Source : Archives départementales Puy-de-Dôme en ligne. Vous pouvez retrouver cet écrit dans les archives
3 E 500 456 - . - 1788-1789 - Clermont-Ferrand (Puy-de-Dôme, France) / Paroisse Saint-Genès - Vues 167 et 168 - https://www.archivesdepartementales.puy-de-dome.fr/ark:/72847/vtac66f5031ca429ead/daogrp/0/167
Un curé témoigne de juillet 1789
Les registres paroissiaux sont une source inestimable pour les généalogistes, mais aussi pour les historiens. En parcourant ces documents, on s’attend à trouver des actes de baptême, de mariage et de sépulture, ce qui par ailleurs ce que l'on recherche. Mais parfois, au détour d’une page, une surprise nous attend : un témoignage personnel, vibrant d’émotion, écrit par un témoin direct des événements.
C’est ainsi qu’en faisant du "page à page", du "acte après acte" j’ai découvert dans les registres archives paroissiales de Clermont-Ferrant (Paroisse Saint-Génès), les mots d’un curé relatant l’un des moments charnières de la Révolution française.
Son récit, est daté du mardi 21... 1789.
Le curé n'a pas indiqué le mois mais en 1789, mais il n'y a eu que deux "mardi 21" : en avril et en juillet.

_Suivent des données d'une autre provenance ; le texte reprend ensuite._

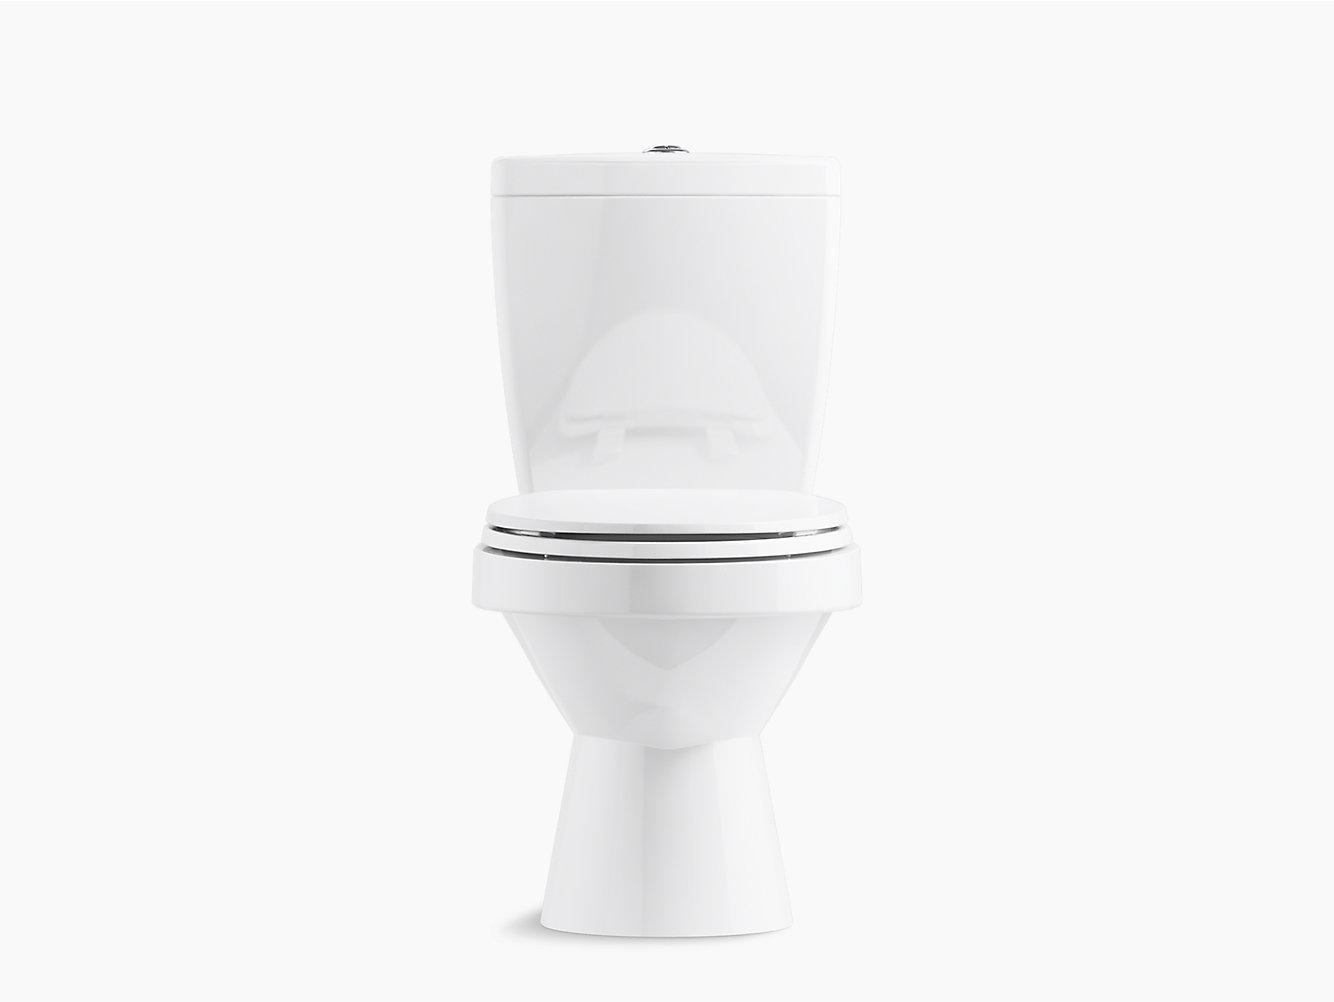 Previous Karsten Round Front Toilet

En lisant le contexte de son témoignage (événements liés à la Révolution, prise de la Bastille, départ des ministres et aristocrates), tout pointe vers juillet 1789. L’exil des proches du roi et la généralisation du port de la cocarde correspondent bien à ce moment-là.
Le curé écrit donc plus que très probablement en date du mardi 21 juillet 1789 et son récit reflète le bouleversement qui secoue alors la France.
Une chronique révolutionnaire en direct
Ce curé écrit avec ferveur : il vient d’apprendre la nouvelle du départ précipité des ministres de Louis XVI, de certains aristocrates influents, et même du comte d’Artois, frère du roi.
Il décrit une France en effervescence : à Paris et dans les provinces, les cloches sonnent, la cocarde révolutionnaire est arborée par tous, et même l’armée commence à se mêler à la milice bourgeoise.
Mais ce qui frappe, c’est l’ambivalence de son ressenti.
Il évoque le « chagrin » suscité par l’exil de certaines figures de l’Ancien Régime et souligne que l’amour du peuple pour la famille royale est peut-être « affaibli » mais « jamais effacé ».
Témoignage précieux d’un homme d’Église, partagé entre fidélité monarchique et observation lucide des transformations en cours.
Un document rare, reflet du basculement d’un monde
Ce genre de découverte rappelle à quel point les archives paroissiales sont bien plus que de simples registres administratifs.
Elles sont également des capsules temporelles, capturant les peurs, les espoirs et les bouleversements d’une époque.
Ici, en quelques lignes, ce curé nous plonge dans l’intensité du mois de juillet 1789, ce moment où l’Ancien Régime vacille et où la Révolution prend son envol.

Prise de la Bastille. Cette image provient de la bibliothèque en ligne Gallica
Ce curé nous livre un témoignage brut, vibrant, qui nous rappelle que l’Histoire,
avant d’être écrite dans les livres, a d’abord été vécue.
Pour compléter cet article : l'église Saint-Genès des Carmes, située rue Neuve des Carmes à Clermont-Ferrand, est une ancienne église des Frères Carmes devenue église paroissiale après la Révolution. Elle est inscrite comme monument historique depuis 1961.